Der Wochenmarkt mit all seinen quirligen Lebensmittelhändler, die vielen Olivenholzhändler und die zahlreichen kleinen Boutiquen in den Seitenstraßen, in den man ausgiebig Lederware und Kleidung shoppen kann, haben mich verzaubert. Selbstverständlich habe ich auch einige Mitbringsel eingekauft. Ein süßes kleines Olivenholzbrett mit passendem kleinen Löffelchen sowie eine Bruschetta-Gewürzmischung und ein Pfefferkörner-Mix wird in einen der nächsten Post mit Sicherheit zum Einsatz kommen.





Der Stadtteil Trastevere ist ein toller Kontrast zu dem historischen Zentrum von Roms. Es liegt links des Tibers und ist sehr volkstümlich. Die vielen zahlreichen engen Gassen laden zum schlendern ein und man kann in einem der zahlreichen Restaurants so richtig gut die Seele baumeln lassen. Ein weitere Tipp ist der Flohmarkt von Porta Portese, der jeden Sonntag in den frühen Morgenstunden beginnt.

Der 2. Tag endete im etwas gehoberen Restaurant Gusto. Wenn einem die 2 € Gedeckkosten (Brot) pro Person und die 15% Steuer nicht abschrecken, kann man dort einen sehr schönen Abend mit außergewöhnlichen Pastagerichten verbringen.  Die dazugehörige Pizzeria im Untergeschoss ist für die beste Pizza Roms bekannt.






Da wir uns am dritten Tag bereits um 12.00 Uhr Richtung Flughafen aufgemacht haben, wurden die letzten Stunden in direkter Nähe des Bahnhofs Termini verbracht. Nicht nur wir sondern auch Rom war über unsere Abreise anscheinend überaus traurig und zeigte es uns mit einem Regenguss, der uns vor der Abreise nochmals bis auf die Haut so richtig schön durchnässte. Plötzlich hatten die vielen Inder, die bis dato versuchten die Selfie-Stative an den Man/Touristen zu bringen, Regenschirme aus der Hosentasche gezogen. Das nenne ich mal allzeit bereit, ich schmeiß mich weg.

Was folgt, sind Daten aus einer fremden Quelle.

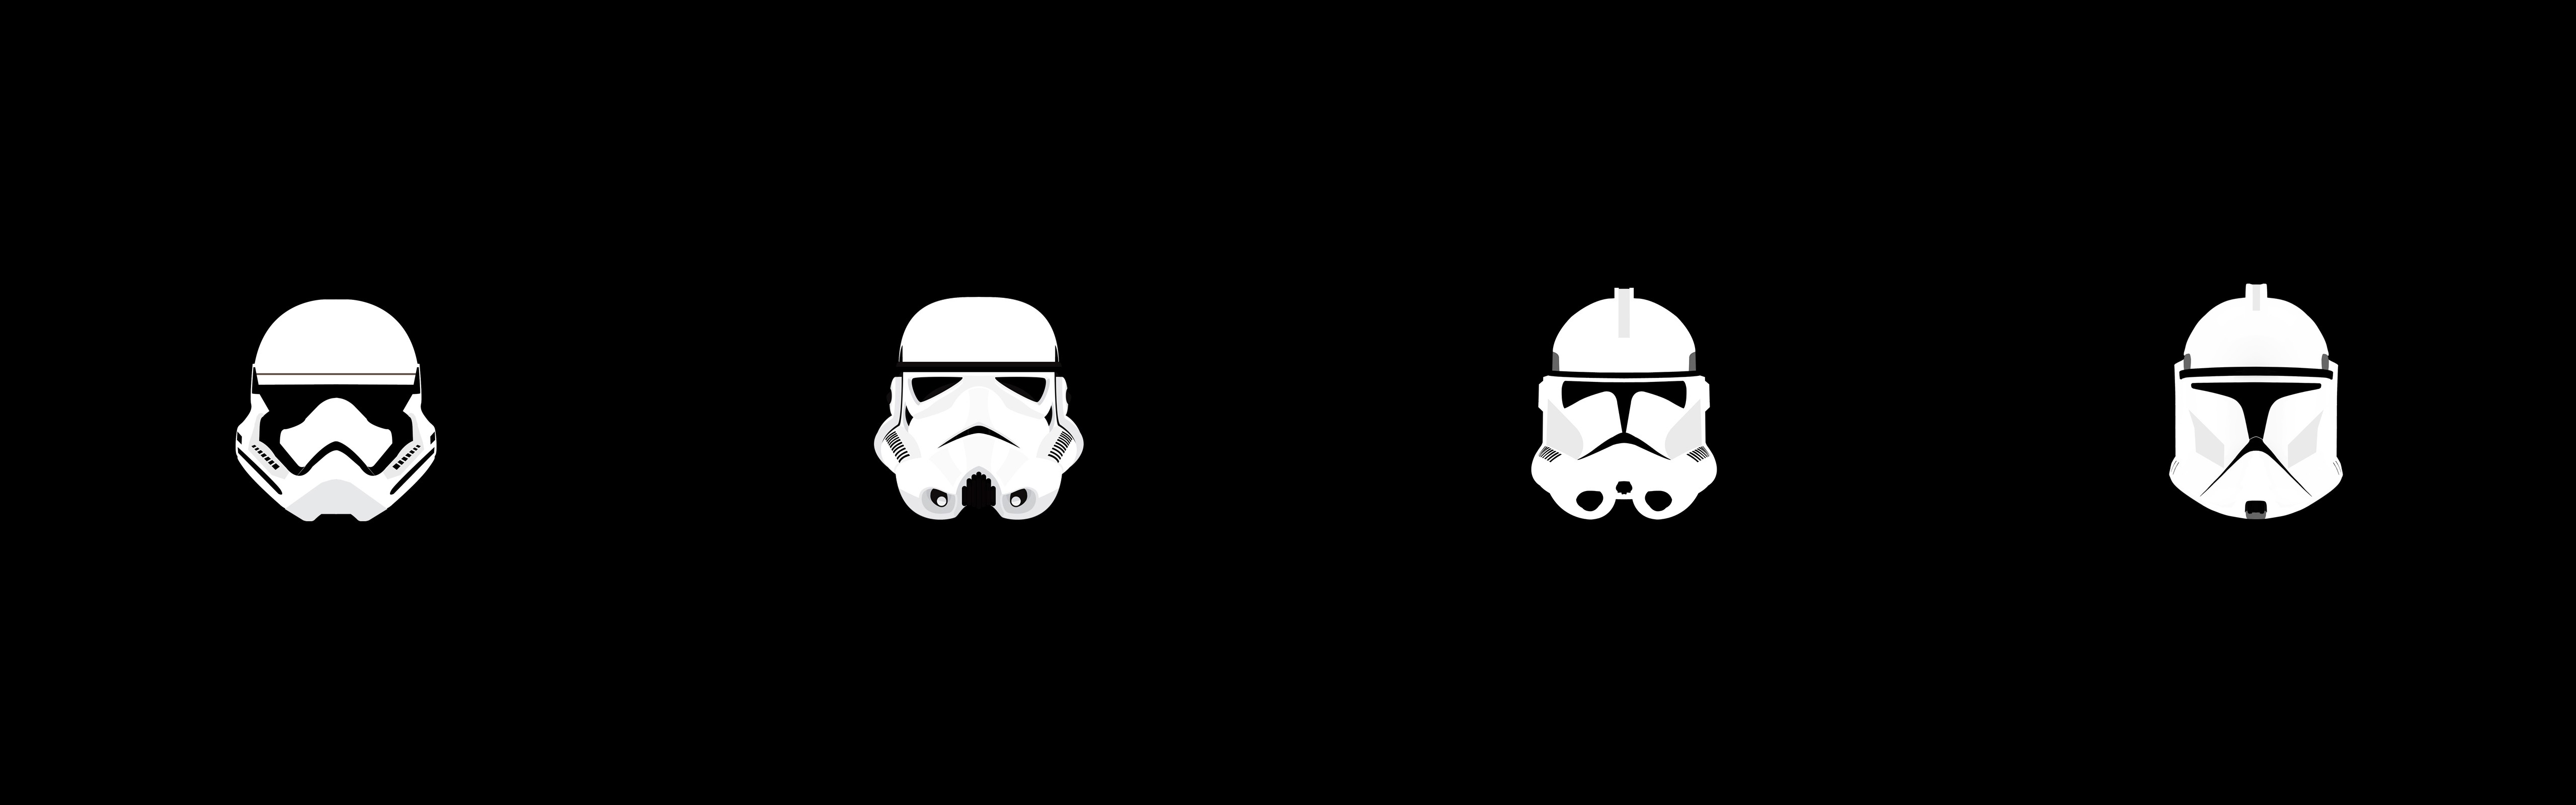 Star Wars, Clone Trooper, Stormtrooper, Helmet, Minimalism, Multiple Display Wallpaper
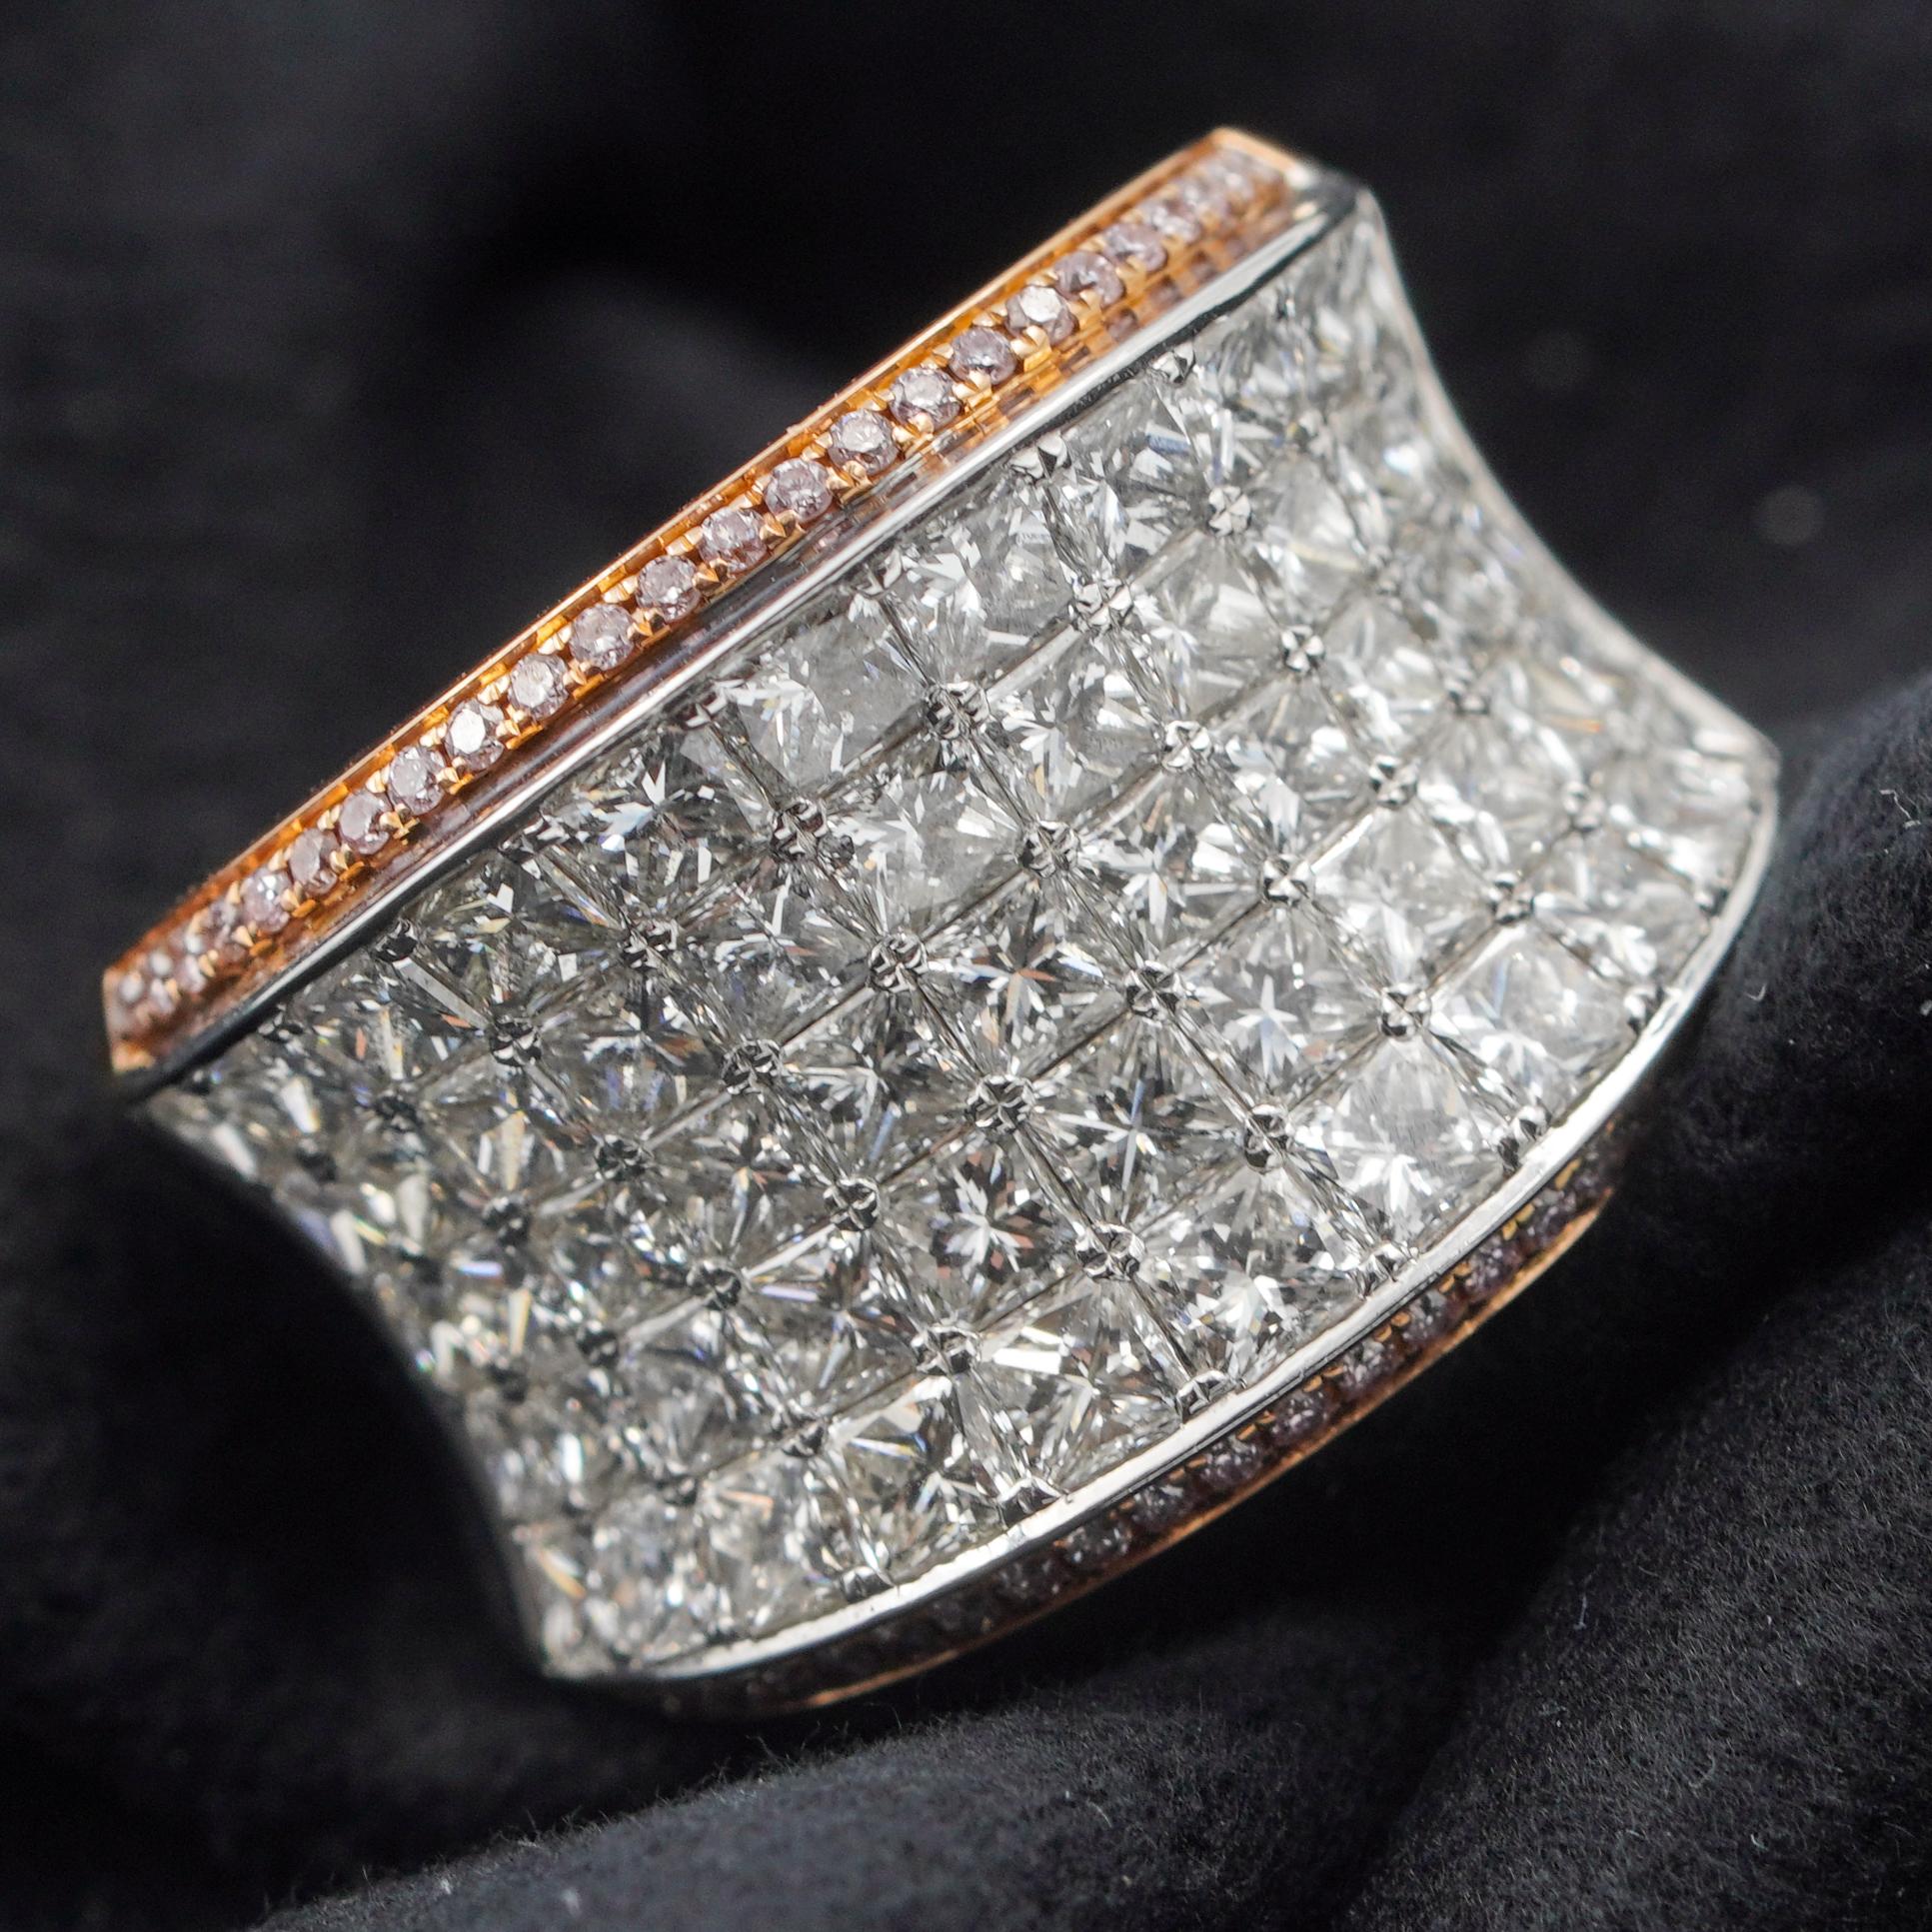 Dieser brillante zweifarbige Diamantring spielt mit dem Licht und ist ein echter Blickfang an Ihrem Finger. Das Stück ist mit Pave-Diamanten von insgesamt 4,17 Karat besetzt. Das zentrale Pflaster wird von kleinen rosafarbenen Diamanten eingerahmt,

Abschließend kann ich nur eines sagen, zu der viel zu schnell vergangenen Romreise:
AMORE MIO. Ich werde wiederkommen, du schönste aller Städte hast mich mit deinen historischen Gebäuden, deiner jahrhundertelangen Geschichte, deinem italienischen Flair, deiner Leichtigkeit zu Leben, verzaubert und in deinen Bann gezogen.